Chronicles Of Depression 2.0: #218

I had a short day yesterday and so had to pass up most of my daily Internet reading and blogging.

Today, financial events are changing literally each minute, so posting about that would be futile.

However, Ambrose Evans-Pritchard over at Telegraph.co.uk has his usual insightful — and enlightening — column that’s worth blogging:

Federal Reserve needs to rediscover power to shock and awe to ease crisis

The world’s central banks no longer seem able to shock and awe the markets with a blast of liquidity.

Yesterday’s move by the US Federal Reserve, the European banks and the Bank of Japan to douse the global banking system with $184bn (£101bn) may get us through the week without another catastrophic failure, but it does nothing to halt the downward spiral into debt deflation.

“The central bank action treats a symptom of the disease, not the disease itself,” said Stephen Lewis, chief economist at Insinger de Beaufort. “It is a palliative. At root, there is no way of imbuing worthless financial claims with value.”

The yield on three-month Treasury notes remains near zero – a level last seen after Pearl Harbour – reflecting a near total loss of confidence in all financial instruments.
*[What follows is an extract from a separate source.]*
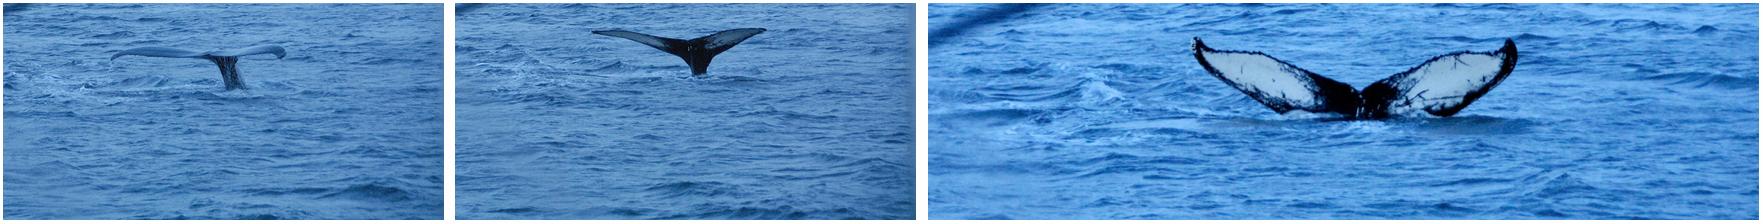 #Whalewatching #Whalesafari #Tromsø
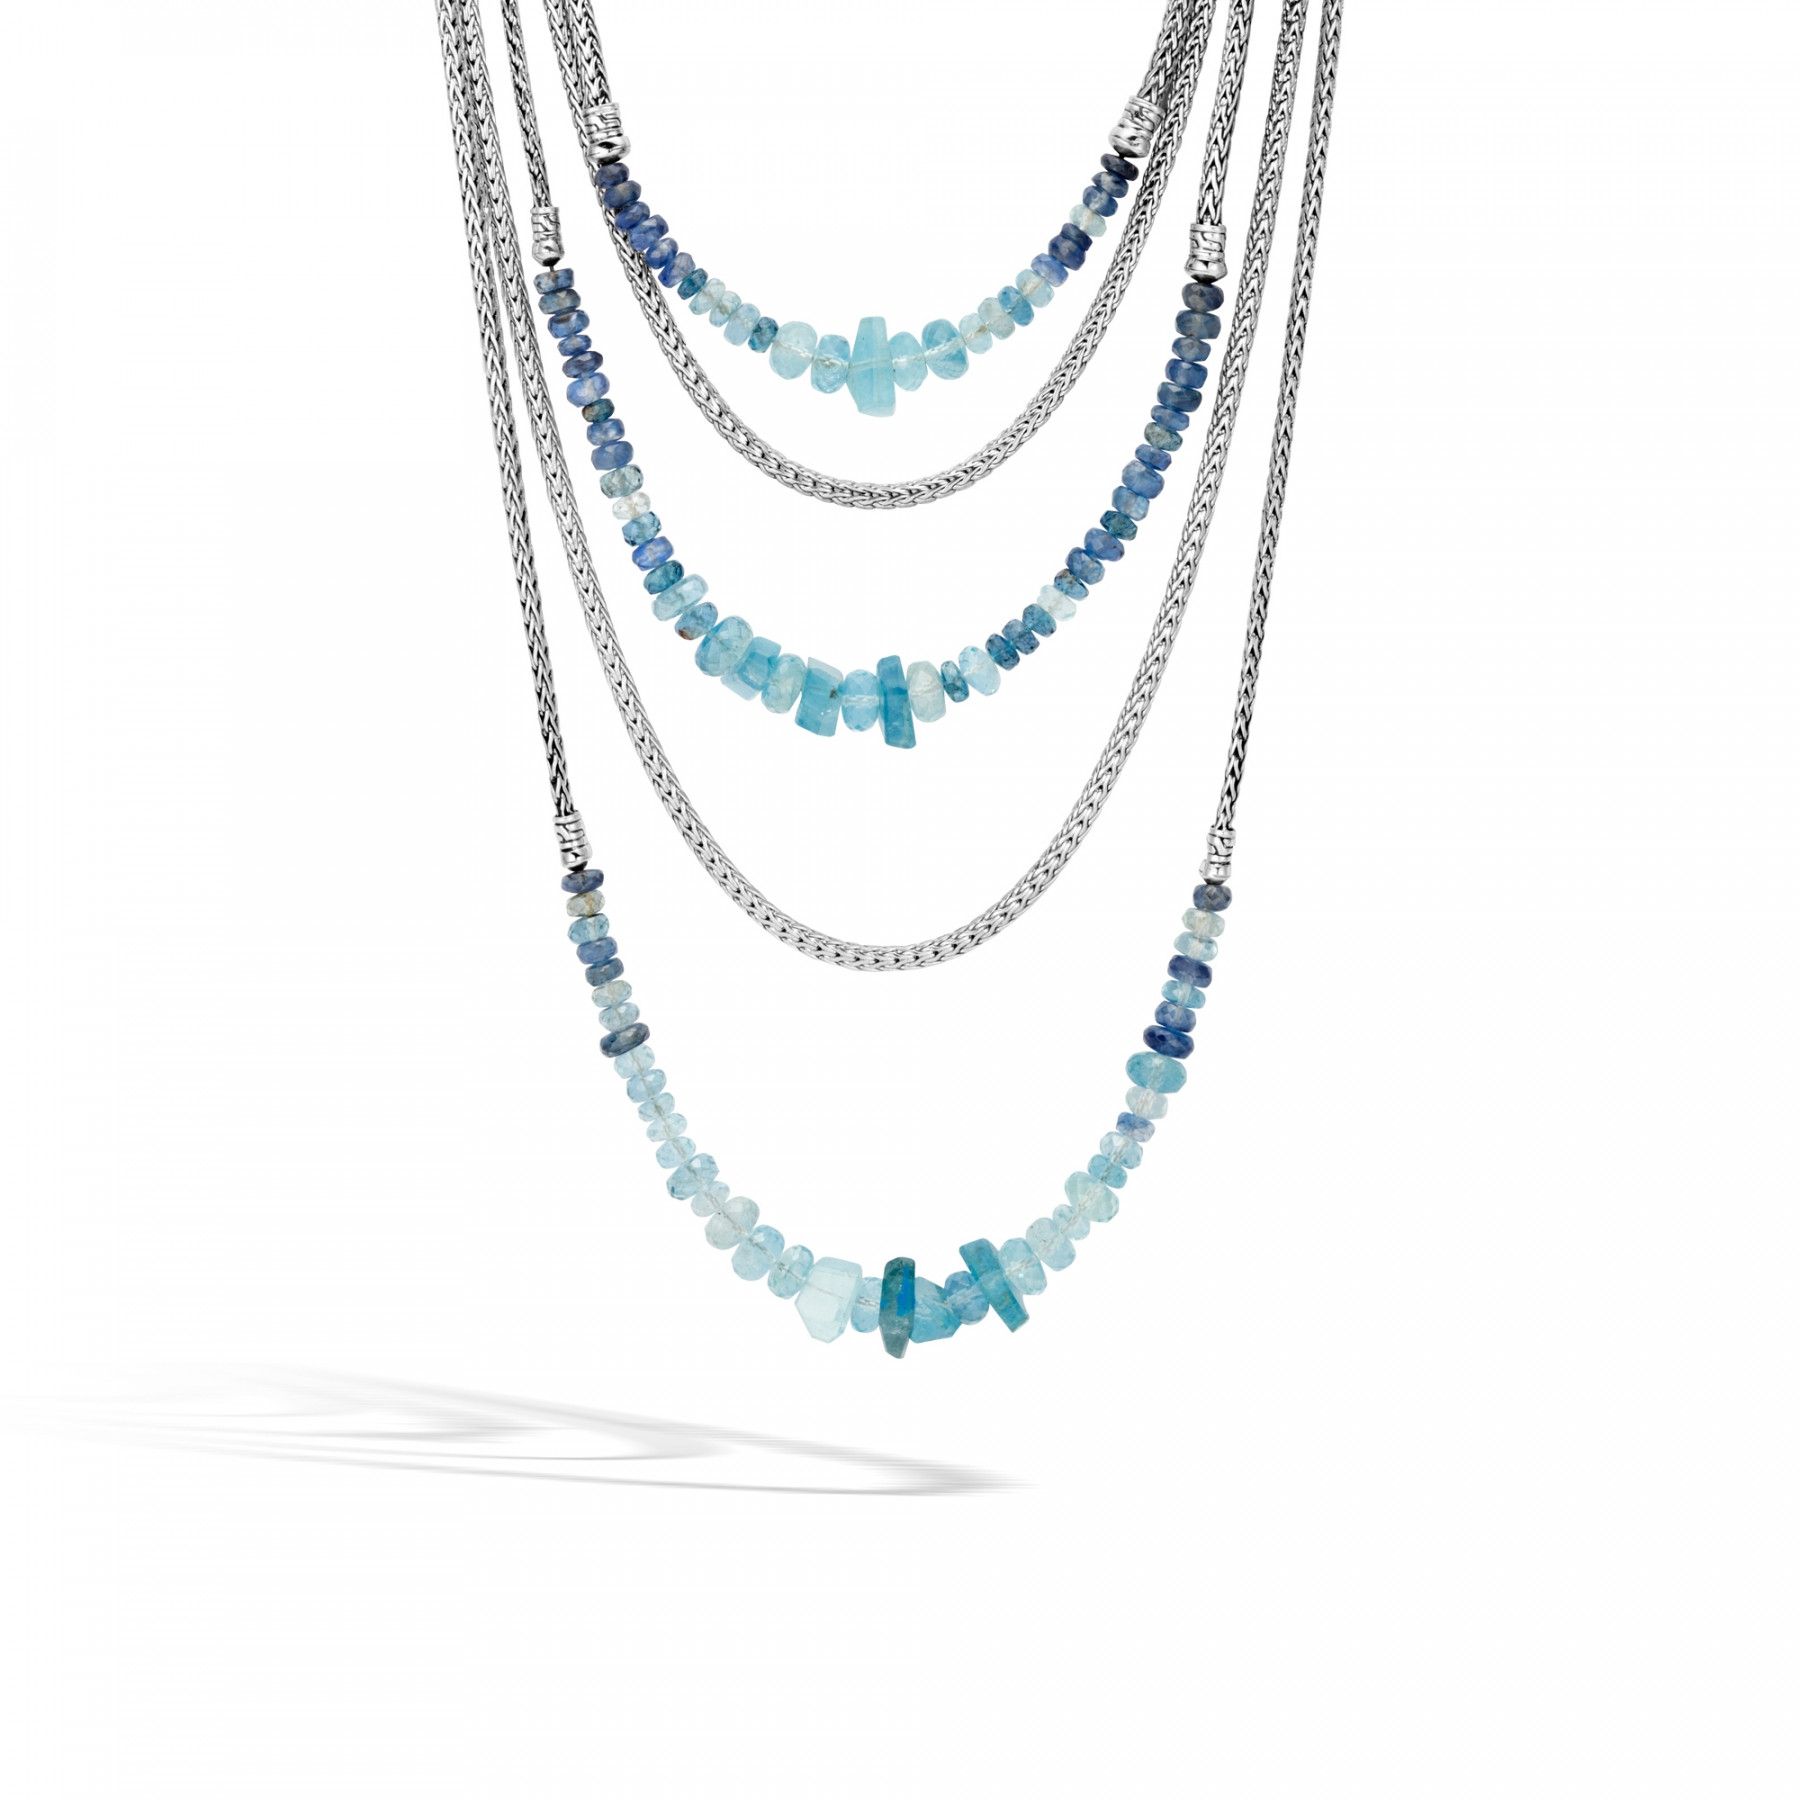 John Hardy Asli Classic Chain Layered Necklace with Aquamarine

The five-year CDS credit default swaps on a great clutch of America’s biggest companies are flashing imminent bankruptcy signals: Washington Mutual (2638), General Motors (2284), MBIA Insurance (2187), Advanced Micro (1773), Ford Motor (1718).

We are dangerously close to a $3.5 trillion collapse of America’s money market fund industry. “It’s an incredibly serious issue. A tipping point in this crisis would be when you have a run on money markets, and we are right on the cusp of that,” said Paul McCulley, PIMCO’s portfolio chief.

Emphasis added by me.

Some interesting news there!

Imminent bankruptcy of General Motors, MBIA Insurance, Advanced Micro, and Ford Motor?

And a new multi-trillion-dollar figure: $3.5 trillion!

Former Fed chief Paul Volcker is now calling for a vast sink – underwritten by the US taxpayer, and modelled on the Resolution Trust Corporation (RTC) – to soak up trillions of dollars of toxic debt and asset-backed securities once and for all.

Emphasis added by me.

I’d really, really like to know how Volcker developed that idea. Did it spring from his experience or by talking to the banksters? Volcker was chairman of the Fed during part of Reagan’s Dollar Uber Alles presidency. Wikipedia documents:

Volcker’s Fed is widely credited with ending the United States’ stagflation crisis of the 1970s by limiting the growth of the money supply, abandoning the previous policy of targeting interest rates. Inflation, which peaked at 13.5% in 1981, was successfully lowered to 3.2% by 1983.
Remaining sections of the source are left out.